Dmitri se levantó y se acercó a la ventana. La lluvia azotaba los pequeños vidrios verdosos. A través de ellos se veía el camino lleno de barro, y más lejos las hileras de isbas, míseras y oscuras, que bajo la lluvia parecían aún más pobres. Mitia se acordó de «Febo, el de los cabellos de oro», y de su propósito de suicidarse bajo los primeros rayos del astro del día. Mejor habría sido este amanecer. Sonrió amargamente y se volvió hacia sus «verdugos».

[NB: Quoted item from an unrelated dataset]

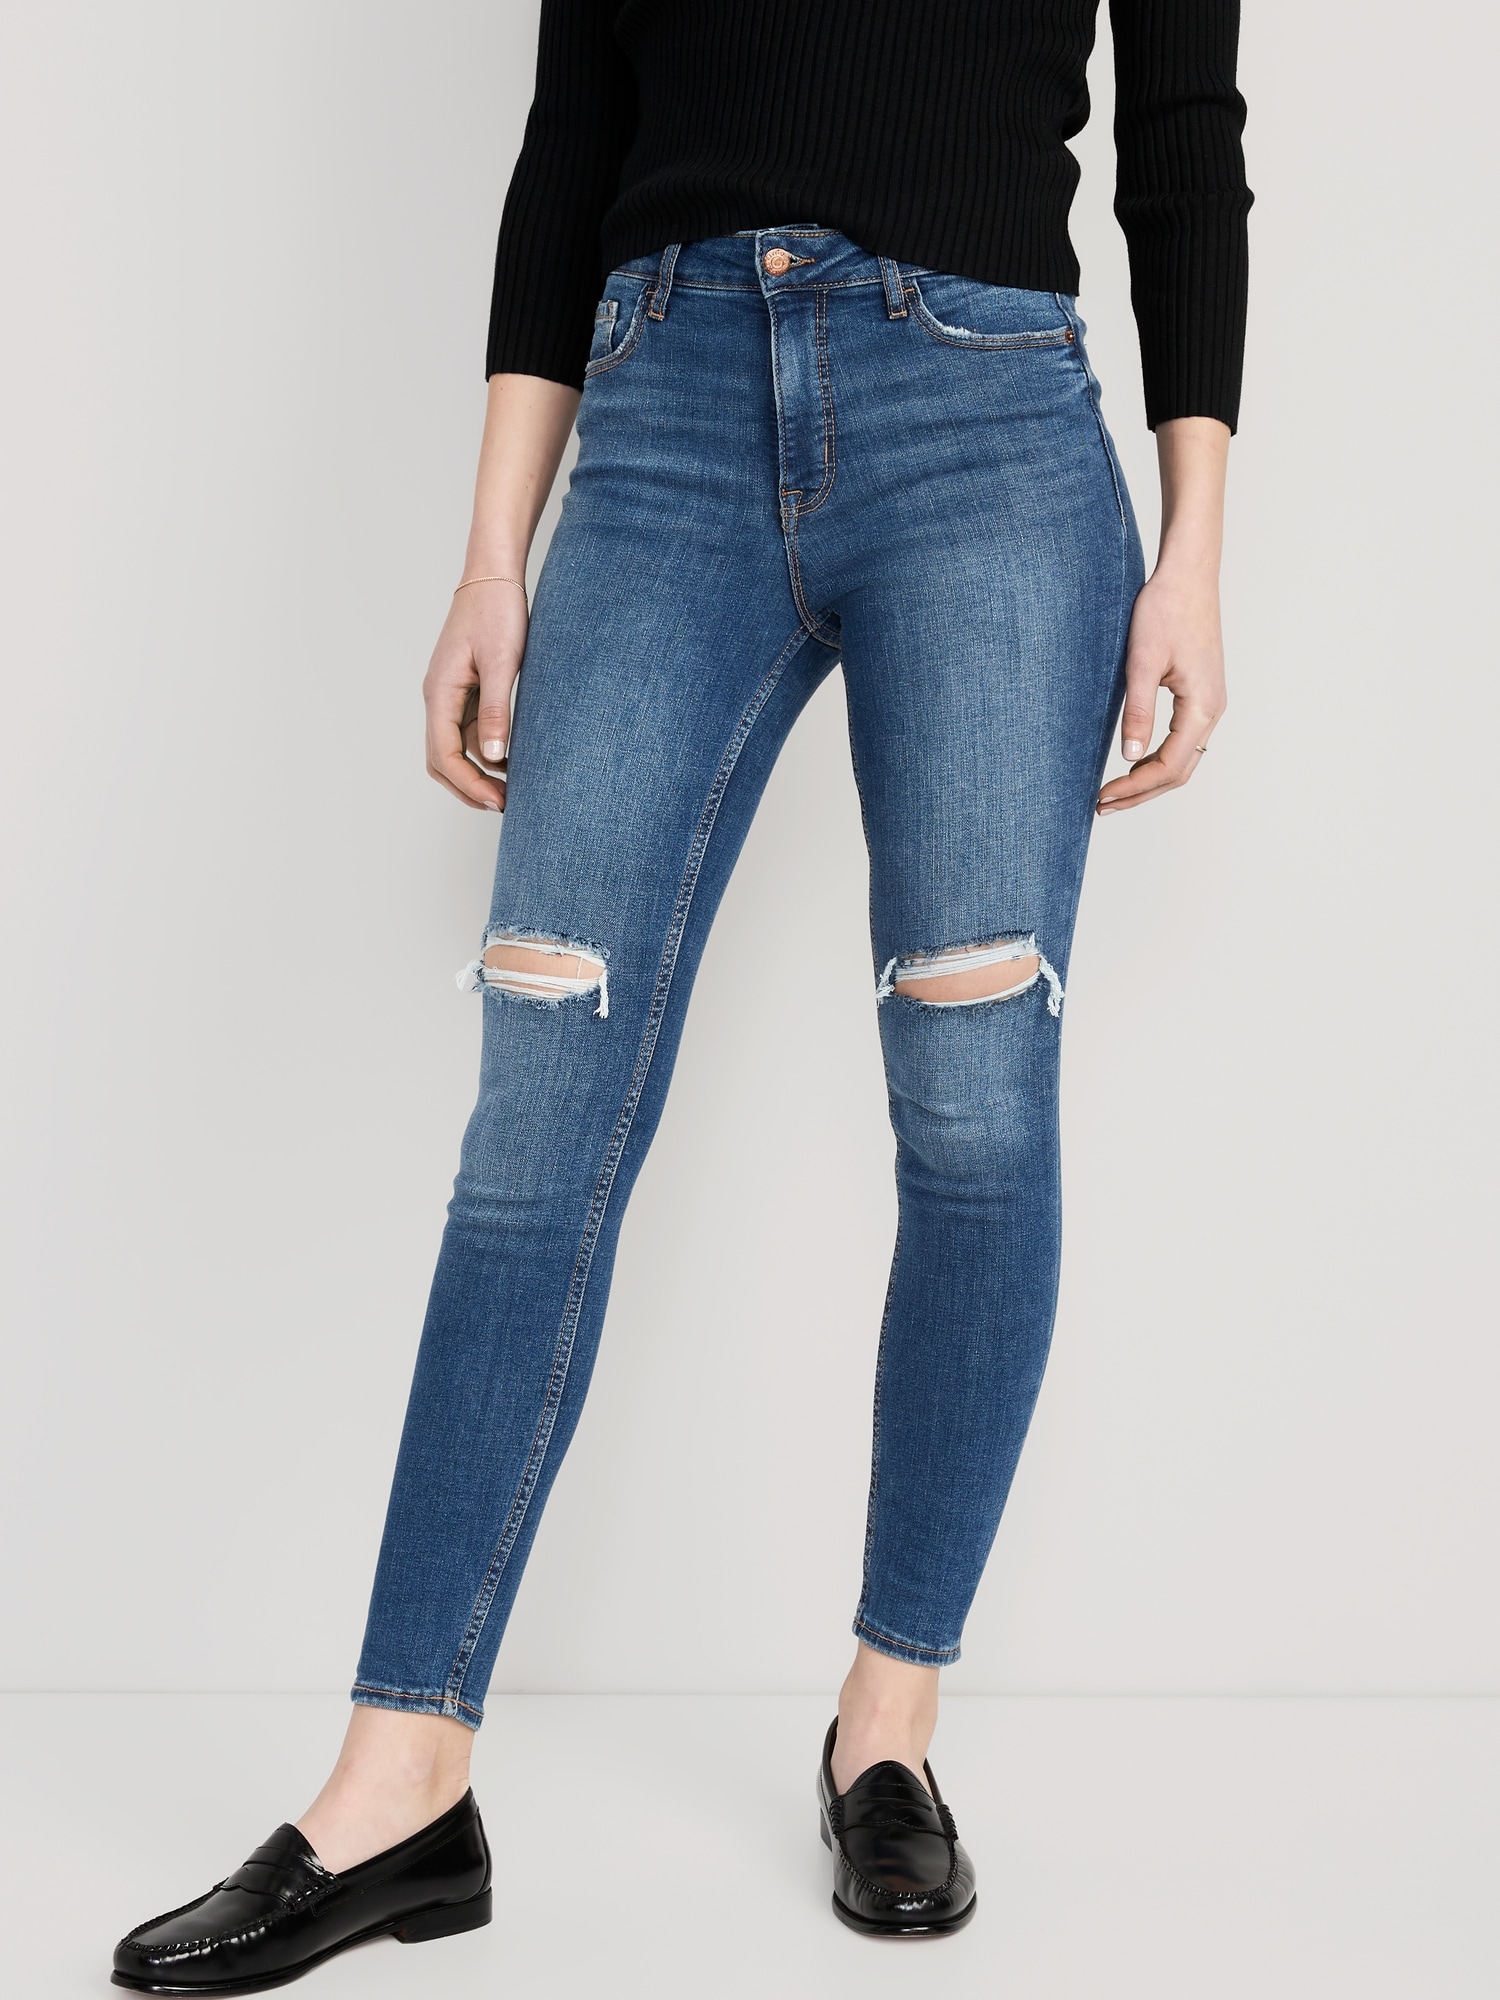 High Waisted Jeans Outfits for Every Body Type-saigonsouth.com.vn

—Señores, ya veo que estoy perdido. ¿Pero y ella? ¿Ha de correr la misma suerte que yo? Les suplico que me lo digan. Es inocente. Ayer, cuando se declaró culpable, había perdido la cabeza. No time culpa alguna. Después de esta noche de angustia, les ruego que me digan qué van a hacer con ella.

El procurador se apresuró a responder:

—Tranquilícese, Dmitri Fiodorovitch. Por ahora no tenemos ninguna razón para molestar a esa persona que tanto le interesa. Y creo que lo mismo ocurrirá en lo sucesivo. Haremos cuanto nos sea posible en favor de esa joven.

—Gracias, señores. Nunca he puesto en duda la honradez ni el espíritu de justicia de ustedes. Me han quitado un peso de encima... ¿Qué van a hacer ahora?

—Hay que proceder sin pérdida de tiempo al interrogatorio de los testigos, lo cual, como ya le hemos dicho, debe efectuarse en presencia de usted.